Bangkok Post

BEHIND THE MASK

Amid the coronaviru­s scare, Dior cheers rebel women in 1970s-tinted Paris show

- FIACHRA GIBBONS

Paris women’s fashion week began late on Monday with the face mask already its must-have accessory.

With two Chinese brands — Shiatzy Chen and Jarel Zhang — missing from the runway because of the coronaviru­s epidemic, the biggest wardrobe dilemma for fashionist­as is whether to wear a mask or not.

Giorgio Armani saved their blushes on Sunday by staging his Milan show behind closed doors because of the outbreak of the virus in Codogno, 70km southeast of the city.

But fashionist­as were already wearing masks to earlier shows in the Italian fashion capital before news of the cluster of deaths led to several towns in its Lombardy region being locked down.

Paris Fashion Week — which attracts thousands of buyers from all over the world — is not taking any particular measures against the epidemic, but the fallout from the crisis has sent shares in many fashion conglomera­tes plummeting.

Chanel have also put back a show they were due to stage in Beijing in May after “taking into account the recommenda­tions of the Chinese authoritie­s”.

But Bernard Arnault, whose LVMH empire is the world’s biggest luxury goods group, sought to play down the long-term economic impact of the virus.

“The Chinese government have taken the problem on frontally, and in a transparen­t manner and efficient manner, I think,” he told French radio.

Dior designer Maria Grazia Chiuri raided her teenage diaries for a sometimes touching Paris fashion week show on Tuesday that made the personal political.

The Italian — the first women to lead the mythic French fashion house — dived back into the 1970s when the women’s liberation movement was shaking the world and fashion with it.

The day after Hollywood mogul Harvey Weinstein was finally found guilty of rape by a US court, Chiuri sent her models out under three traffic light-coloured neon signs flashing with the word “Consent”.

Several other neon signs hammered home the designer’s wellknown feminist and environmen­tal beliefs, including “Women’s Love Is Unpaid Labour”, “When Women

Strike, The World Stops” and “PatriarCO2”. chy =

Others like “Women Are The Moon That Moves The Tides” were quietly poetic but just as powerful.

Chiuri said her clothes were a contempora­ry take on the decade that revolution­ised relations between the sexes.

And the countercul­ture references were there from the start, with most of her models wearing bandanna scarves on their heads.
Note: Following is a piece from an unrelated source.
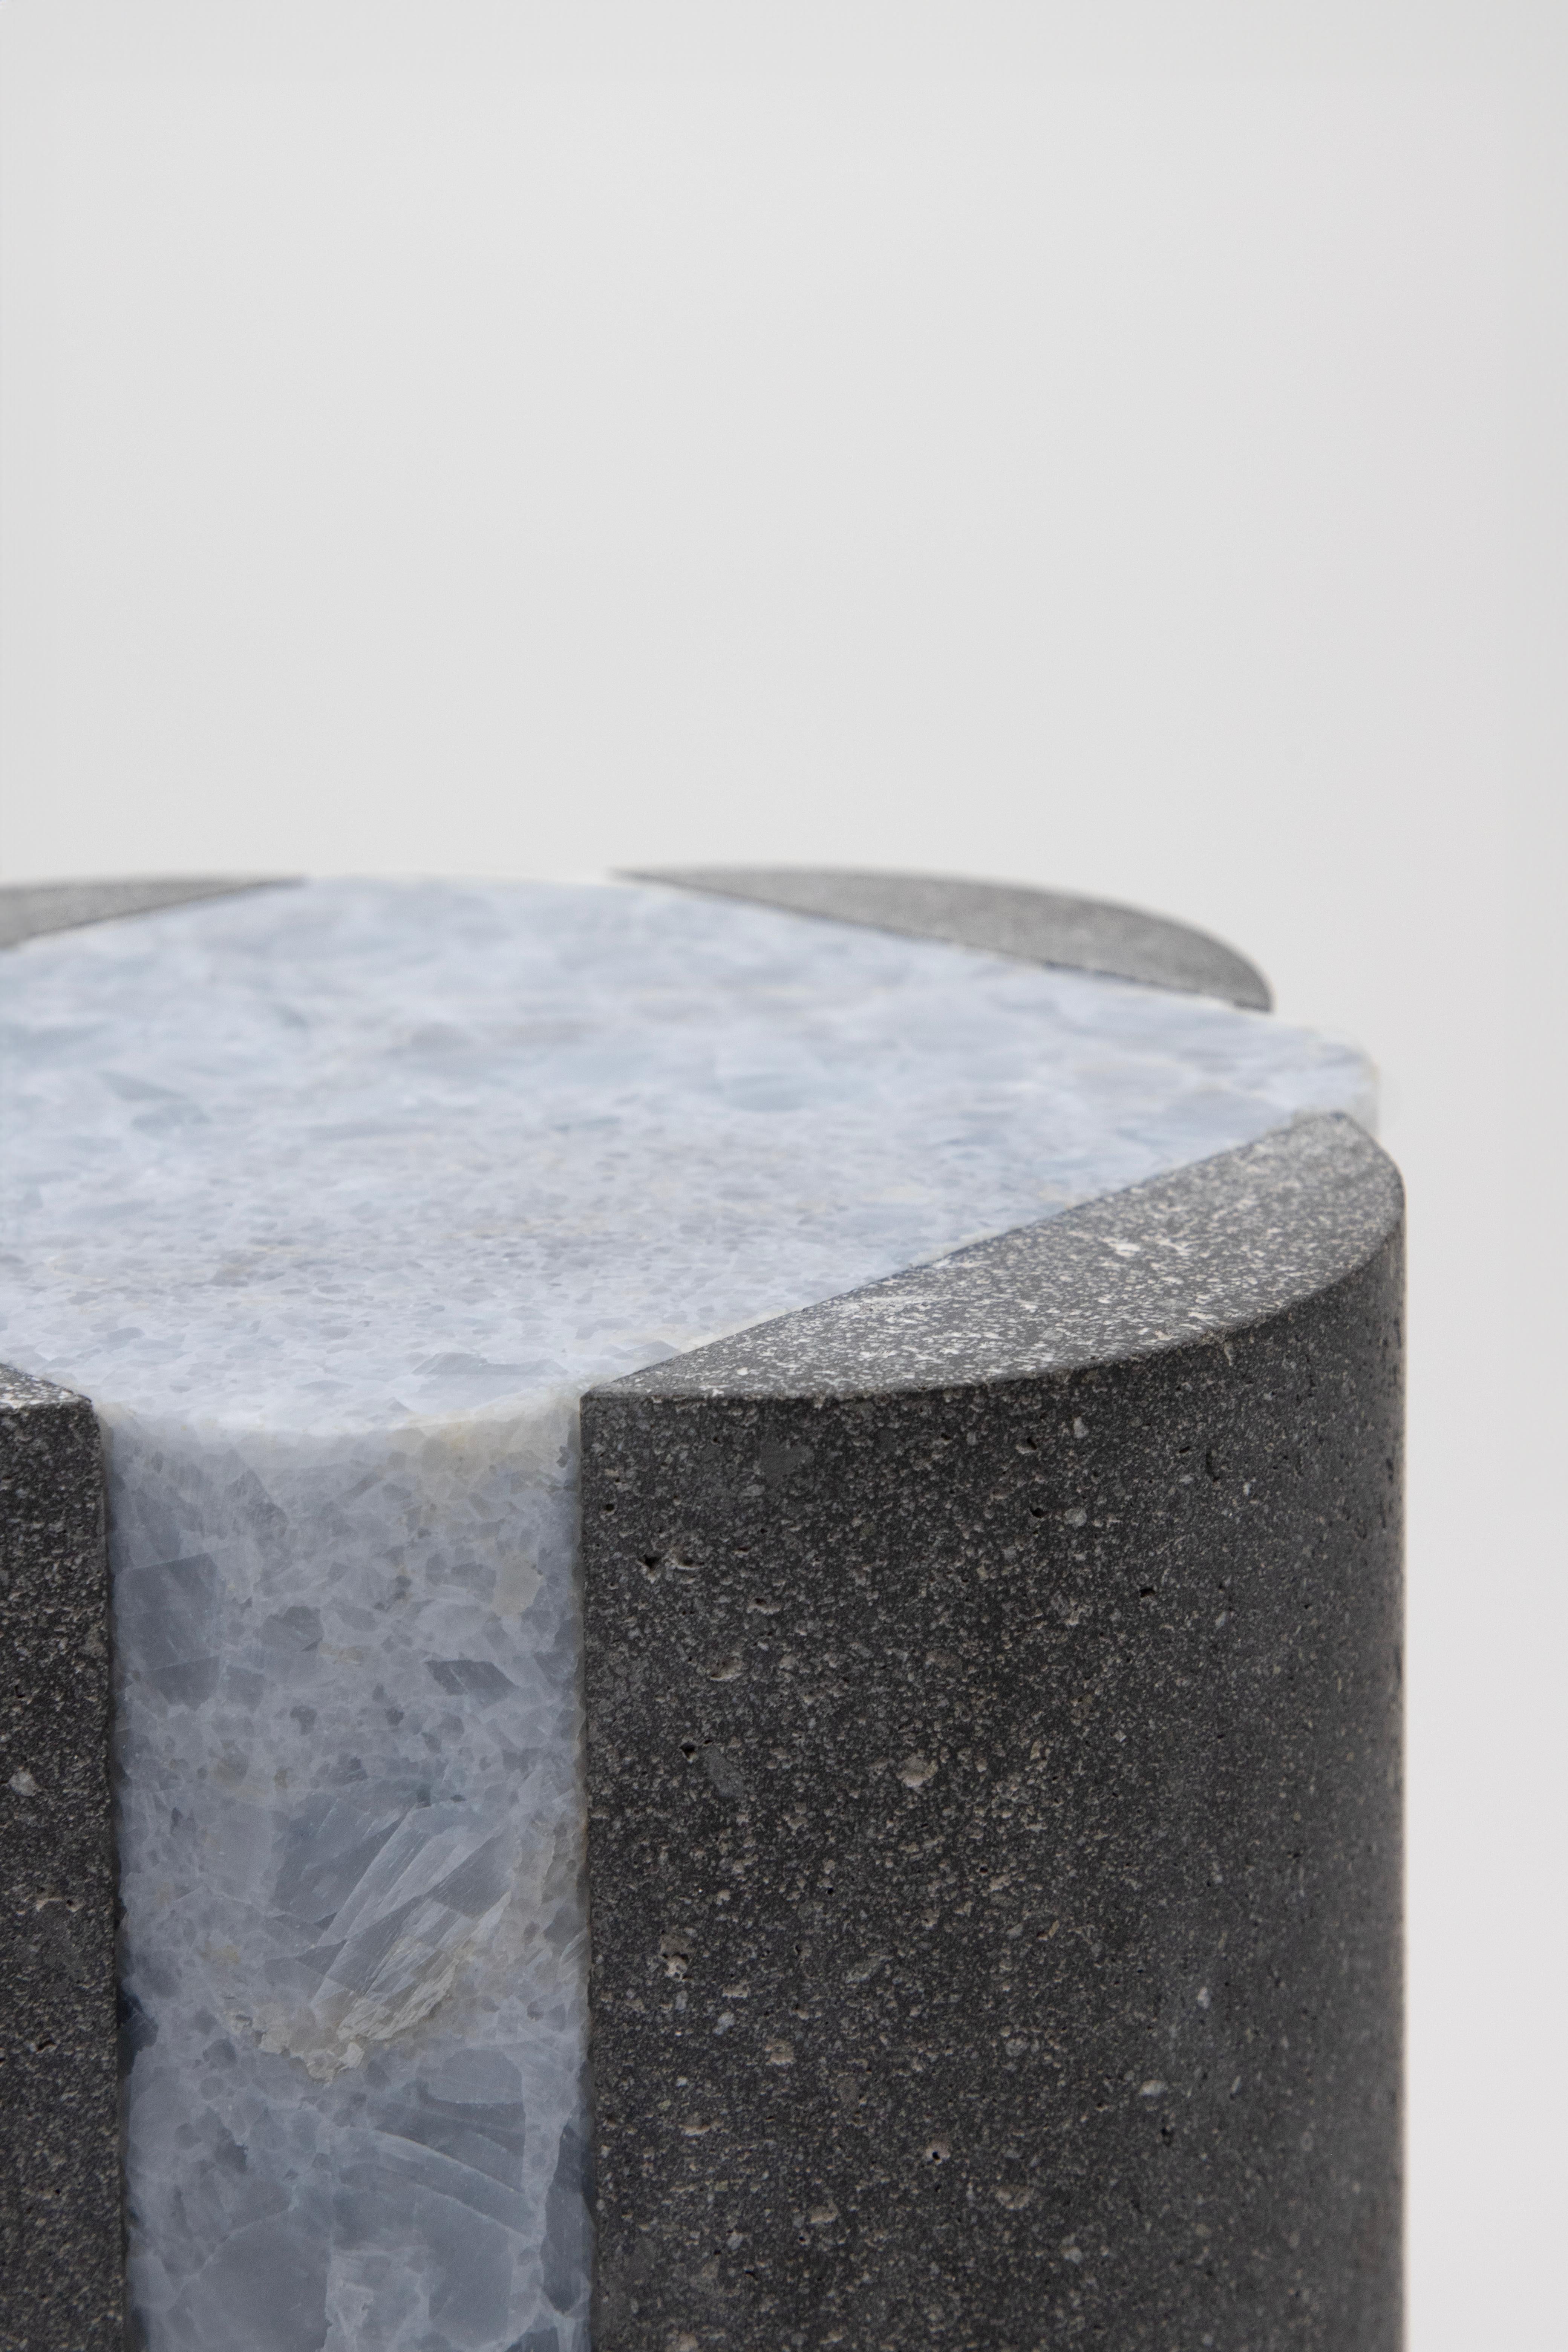 Stone Volcanic Shades II - Sten Studio - Lava stone and blue calcite For Sale
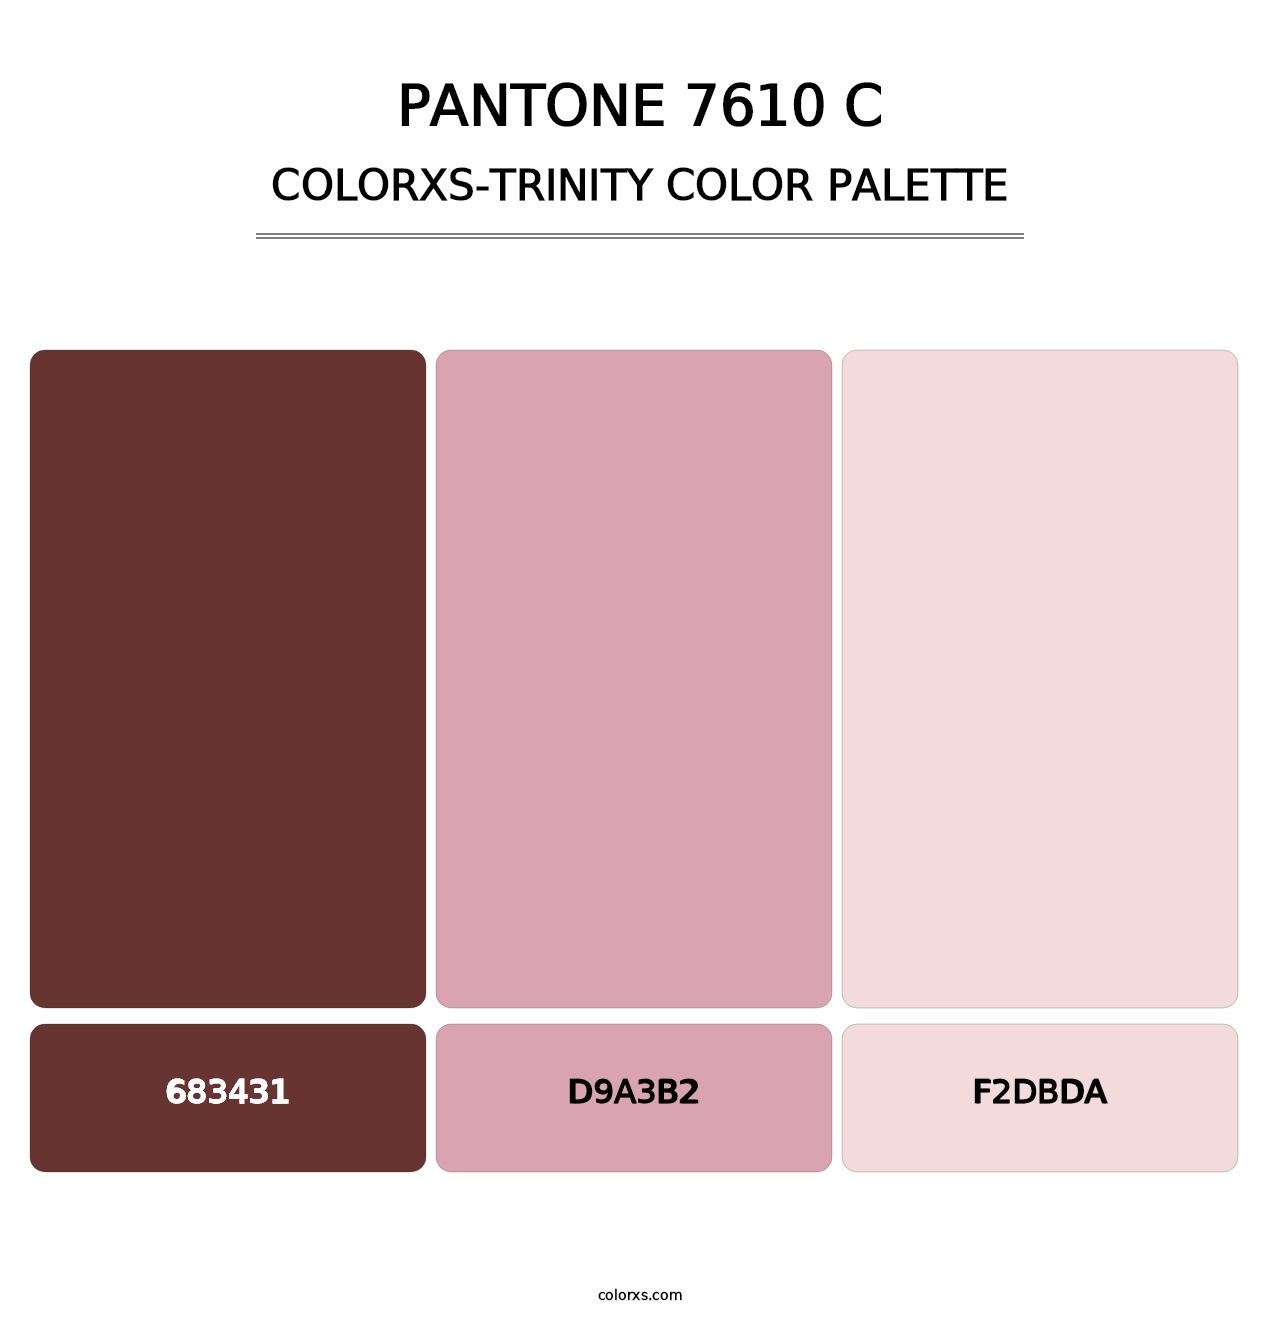 PANTONE 7610 C - Colorxs Trinity Palette

Poncho coats, charm chains and shearling-lined suede boots and typical 1970s checks and argyle patterns ran cheek by jowl with more restrained black Dior classics.

There were also glimpses of Chiuri’s schoolgirl past in a handful of looks where she teamed big very un-Dior work boots with clothes that had echoes of customised school uniforms. She also sent out a run of looks pairing lace kneehigh socks with Mary Jane shoes.

Chiuri said that she was transporte­d back to the period reading her teenage diary, which contained quite a few surprises.

“I had not realised that all my references began to form during my adolescenc­e. The 1970s had a big influence on what made me,” the 57-year-old said.

“Looking back now, I didn’t realise I was living through a real historic moment.

“What influenced me most was how women began asserting themselves, to show that they were not only mothers, wives and daughters but that they had several aspects to themselves.

“I remember the women who would come to my mother’s dressmakin­g shop and who were defining themselves through their clothes and their way of being.”

With Hollywood stars including Demi Moore, Sigourney Weaver and Rachel Brosnahan in the front row, the show was also a tribute to the Italian feminist thinker and art critic Carla Lonzi.

Lonzi’s famous slogan “We Are All Clitoridea­n Women” was also turned into a blazing red neon by the art collective Claire Fontaine for the show.

The line is a cheeky riposte to Freud, who Chiuri said considered the clitoral orgasm as “immature in relation to the vaginal one” and which traditiona­lly needed male interventi­on.

Chiuri has had a big effect on street fashion since she took the reins at Dior three years ago, bringing the beret back into fashion in her first two shows.

As well as the bandanna/gypsy scarves, her schoolgirl take on the 1970s is likely to be widely copied, with ties under leather jackets, as well as her vintage checks and argyles.

Watch out too for the new leather hybrid hat created by Dior’s British hatter Stephen Jones, who crossed the beret with the gavroche cap.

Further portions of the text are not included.